Don’t make a (#)hash(tag) of Twitter

Posted by a.hay on 14 March 2013 - 9:52am

TwitterBirdy.jpgBy Alexander Hay.

We’ve had scepticism. We’ve had getting more followers. Now, in the third instalment of our series on Twitter, we look at spring cleaning your feed, and making the most out of your hashtags.

While giving the Institute’s Twitter feed a proper spring clean, several things were made all too clear to me.

For starters, you'd be amazed at how many university computing departments do not have their own Twitter feed. This is a bit like an English Literature department full of people who can't read, an Archaeology graduate who can't dig or a Sports Studies course where no one ever wears tracksuits to lectures.

Then there are the many Twitter followers who serve no point at all. As a rule, if you are following more than 20% of the people you're being followed by then start purging those excess tweeters right now. If they were really that interested in your own feed, they'd have returned the favour a long time ago. In the meantime you resemble a desperate undergraduate that joins all the university societies in their first week, including the one where ferrets are dropped down your trousers.

Still, this leaves a big question. Why use Twitter at all? Well in part, it's because if you do it right, you can have thousands of followers, who can and do convert their interest into clicking on links and so driving up traffic to your site.

The maximum 140 characters per tweet also enforces a certain discipline and focus to your outpourings, something other social media platforms lack. Being a regular Tweeter also makes a good impression. According to research by Cambridge University, most dedicated Twitter users tend to be "emotionally stable" and "extroverts." Meanwhile, the most popular users tend to be more "imaginative" and the most influential give off a suitably "organised" vibe. All of which makes your brand far more desirable through association than if you used another platform, such as the rambling never-ending drama and privacy nightmare that is Facebook.

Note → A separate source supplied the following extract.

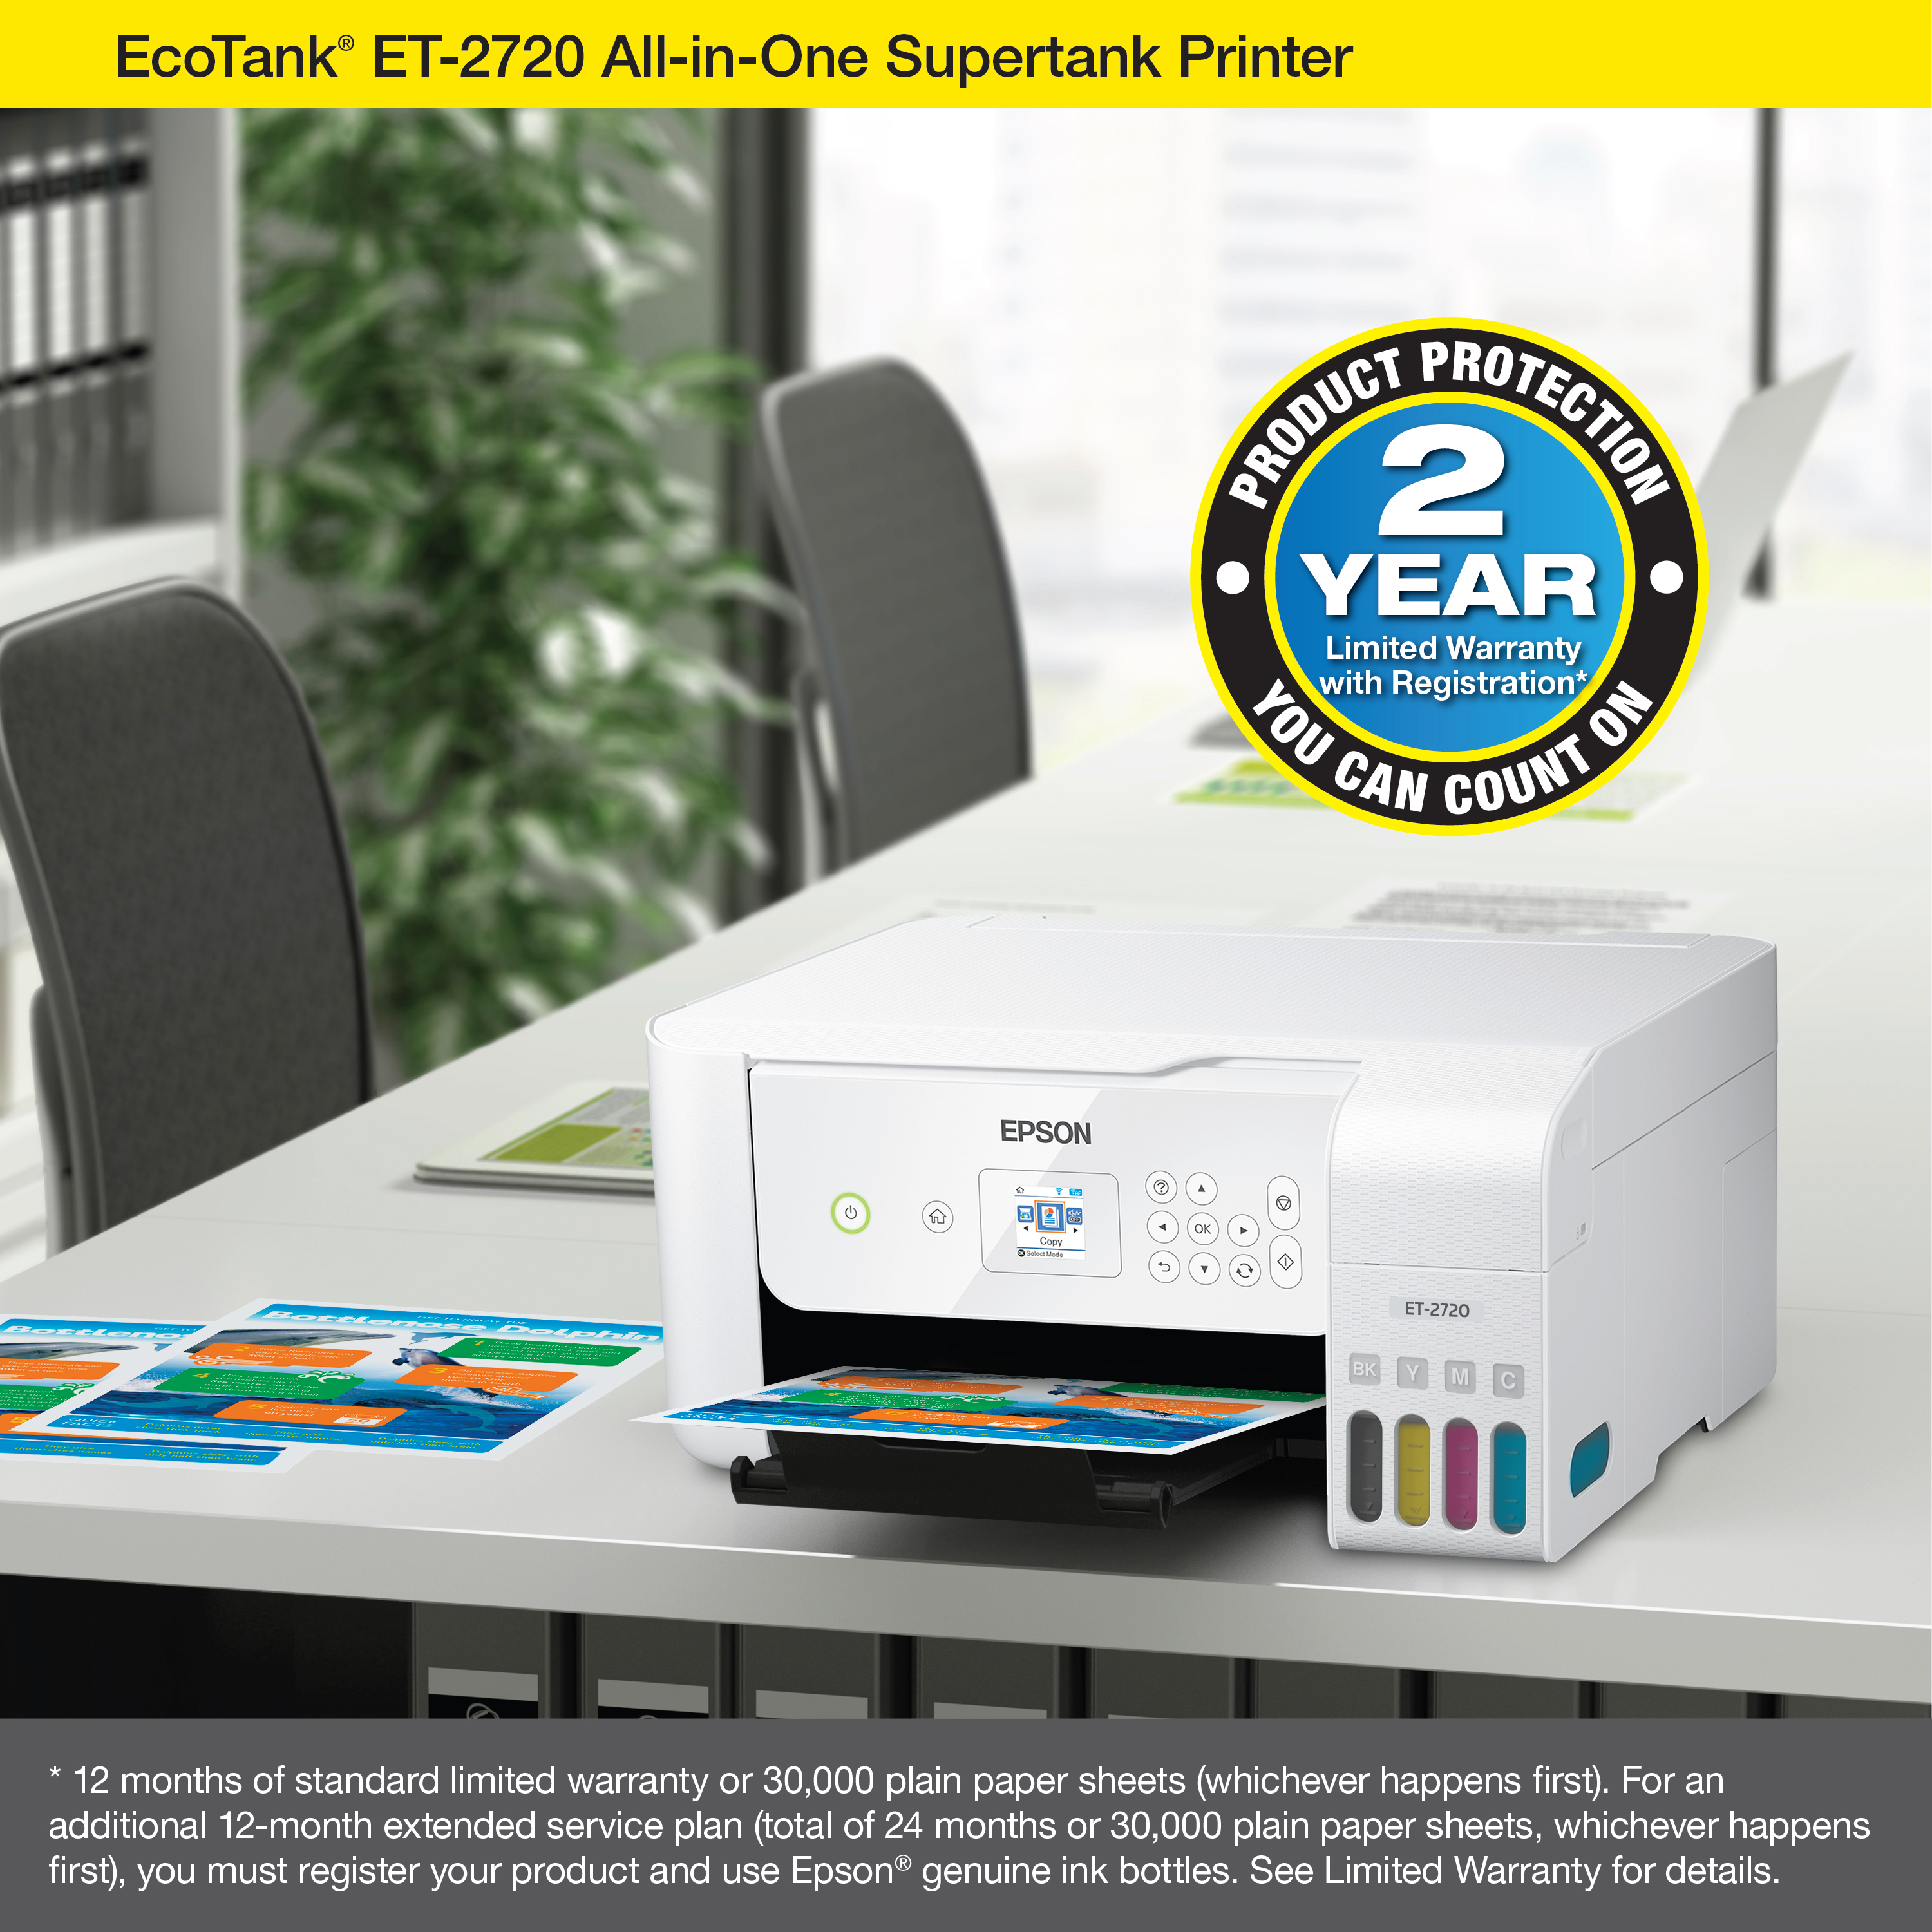 Epson C11CH42202 EcoTank ET-2720 All-in-One Supertank Printer - White - image 3 of 7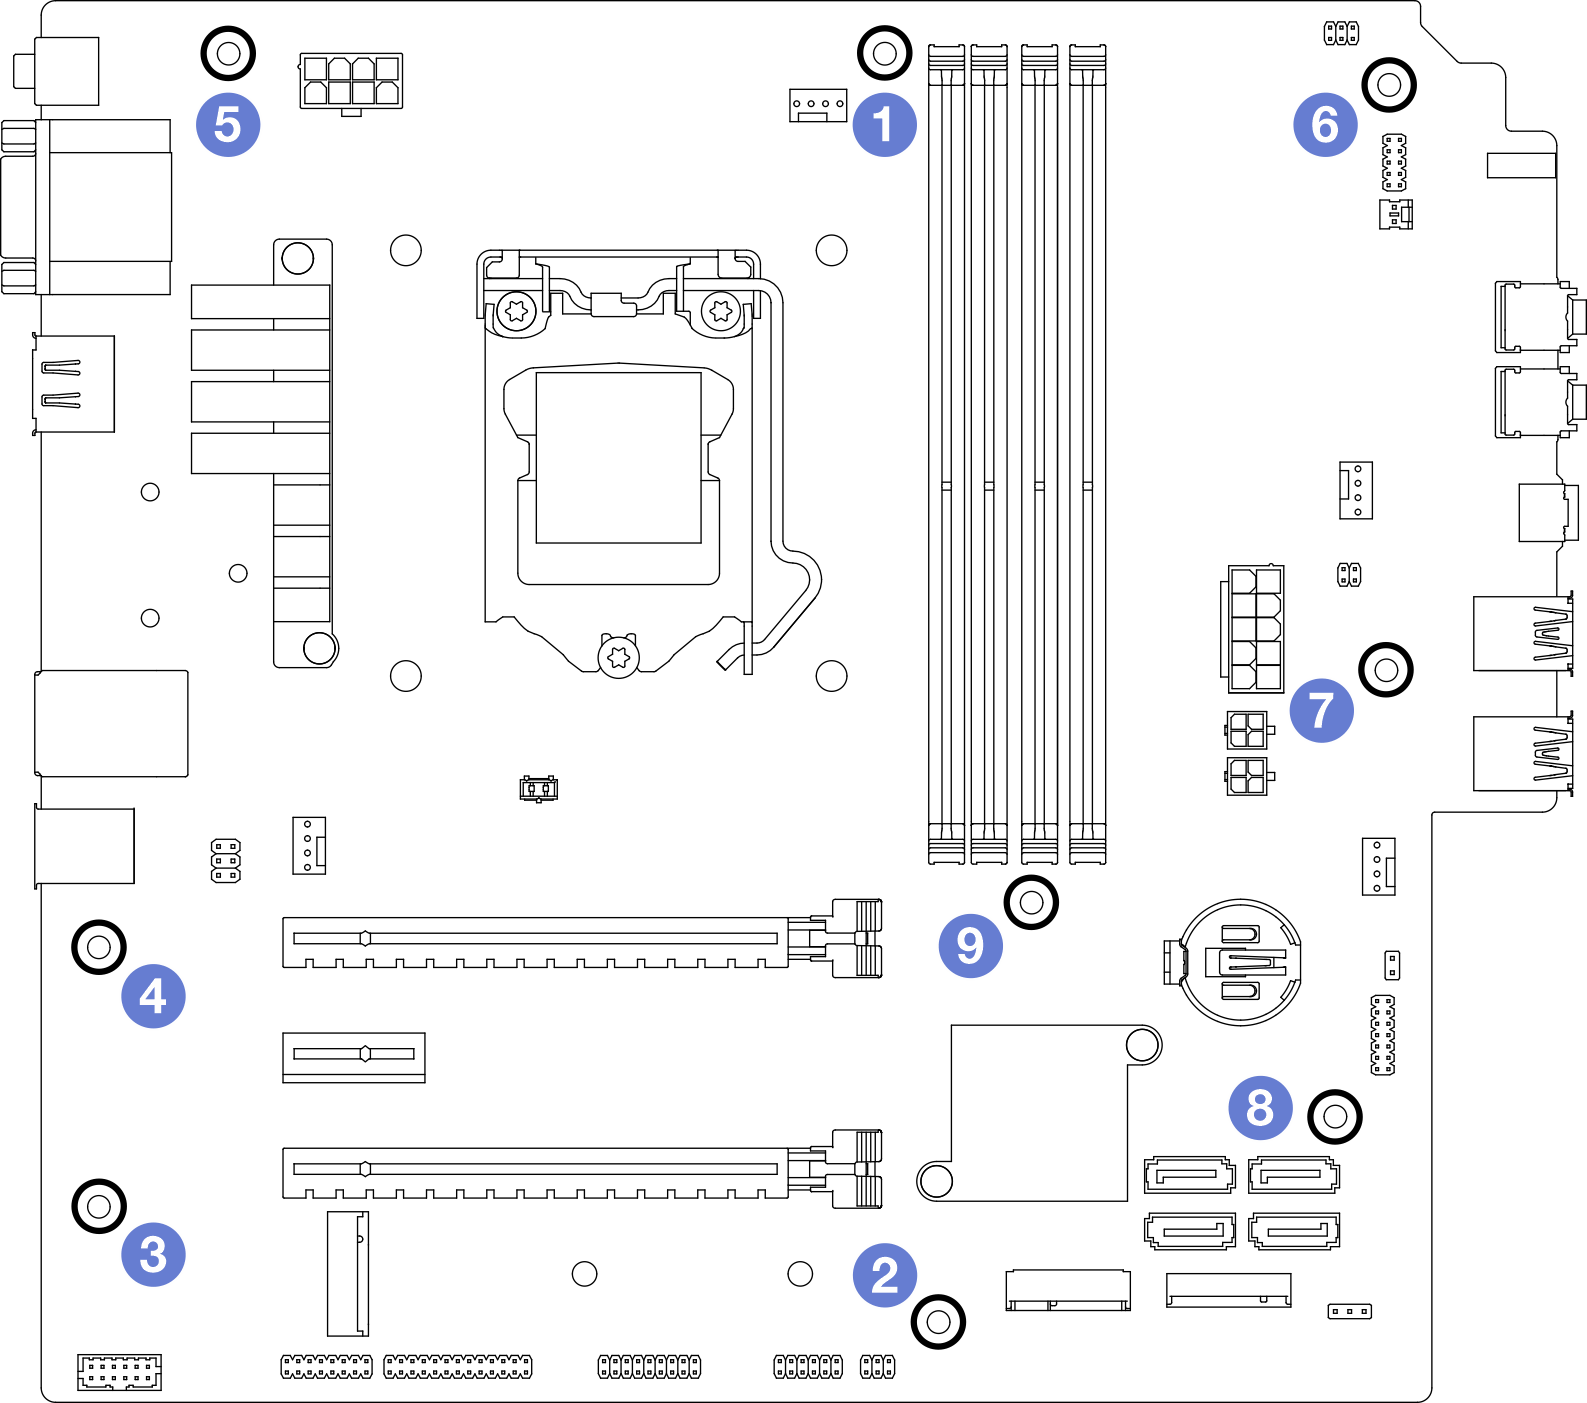 System-board screws installation sequence

There is one problem for wannabe Twitterers - hashtags. These consist of a popular keyword presaged by a '#'. So #shopping or #dolphin, for example. If added to your tweet, this means it will show up on searches along with all the other tweets that use the same hashtags, which is a useful way of promoting your tweet by riding on the trending wave.

The problem lies in what #hashtag to use. Jumping on bandwagons, from a research perspective, isn't going to make much sense. Unless your work somehow relates to currently in-vogue terms like #justinbieber or #FictionalCharactersIWantToMarry, there may be a problem in making your tweets visible. More to the point, hashtags have the lifespan of gnats and fade away very quickly. How best to spot a (relevant) trend before it ceases to be?

The answer is easy - cheat. Keep an eye on the Twitter threads you find most relevant to your work. What hashtags do they keep using? Which ones seem to attract the right responses? Other people are doing all the heavy lifting for you in terms of Twitter hashtags. You just need to keep watching them to see what trends are catching on in your field. This will require patience, curiosity and a willingness to think carefully about the work you are promoting on Twitter.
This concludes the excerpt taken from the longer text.